Defining dependencies with asset factories

In data engineering, it's often helpful to reuse code to define similar assets. For example, you may want to represent every file in a directory as an asset.

Additionally, you may be serving stakeholders who aren't familiar with Python or Dagster. They may prefer interacting with assets using a domain-specific language (DSL) built on top of a configuration language such as YAML.

Using an asset factory reduces complexity and creates a pluggable entry point to define additional assets.

note

This guide assumes familiarity with asset factories.


Building an asset factory in Python

Imagine a data analytics team that maintains a large number of tables. To support analytics needs, the team runs queries and constructs new tables from the results.

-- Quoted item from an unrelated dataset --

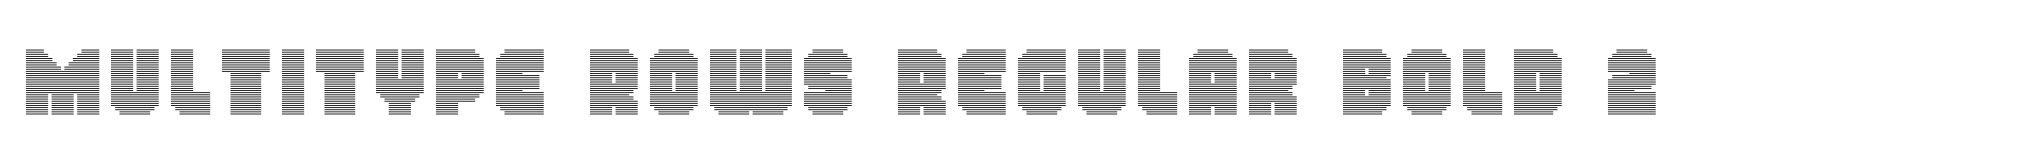 MultiType Rows Regular Bold 2 image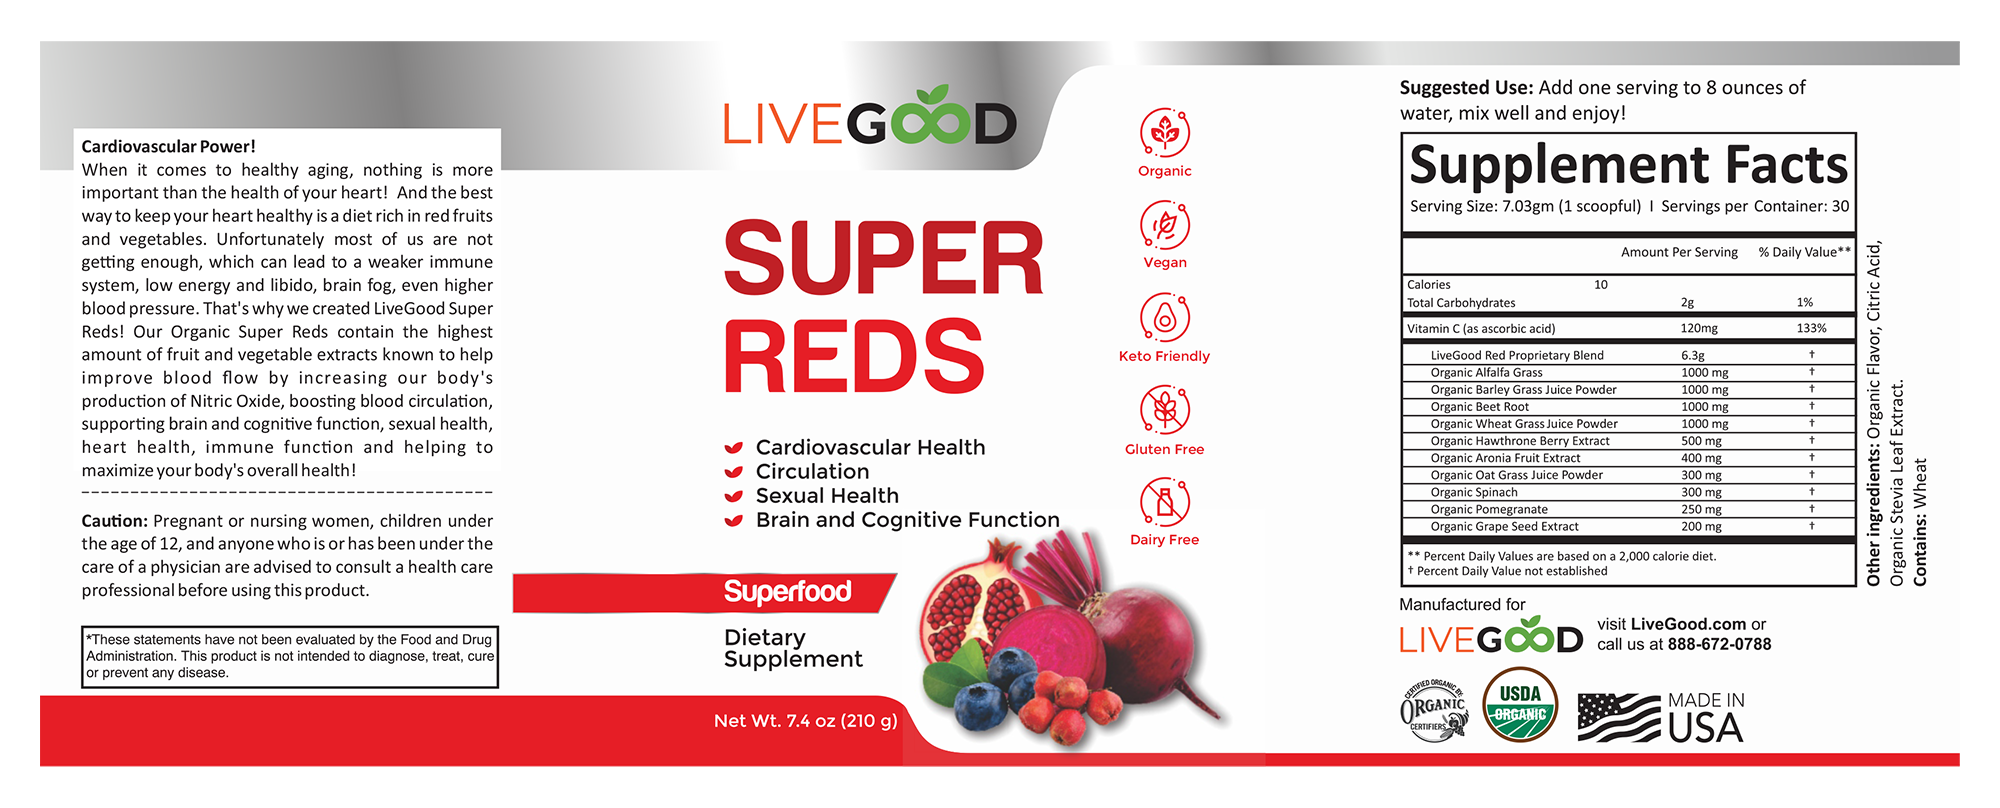 LiveGood-SUPER-REDS-Label-Jean-Marc-Fraiche-Partage66.com

Each table can be represented in YAML by a name, upstream asset dependencies, and a query:

YAML Definition for ETL tables
etl_tables:
- name: cleaned_transactions
deps:
- transactions
query: |
create or replace table cleaned_transactions as (
SELECT * FROM transactions WHERE amount IS NOT NULL
)

- name: risky_customers
deps:
- customers
query: |
create or replace table risky_customers as (
SELECT * FROM customers WHERE risk_score > 0.8
)

- name: risky_transactions
deps:
- cleaned_transactions
- risky_customers
query: |
create or replace table risky_transactions as (
SELECT *
FROM cleaned_transactions JOIN risky_customers
ON cleaned_transactions.customer_id = risky_customers.customer_id
)

Here's how you might add Python logic to define these assets in Dagster.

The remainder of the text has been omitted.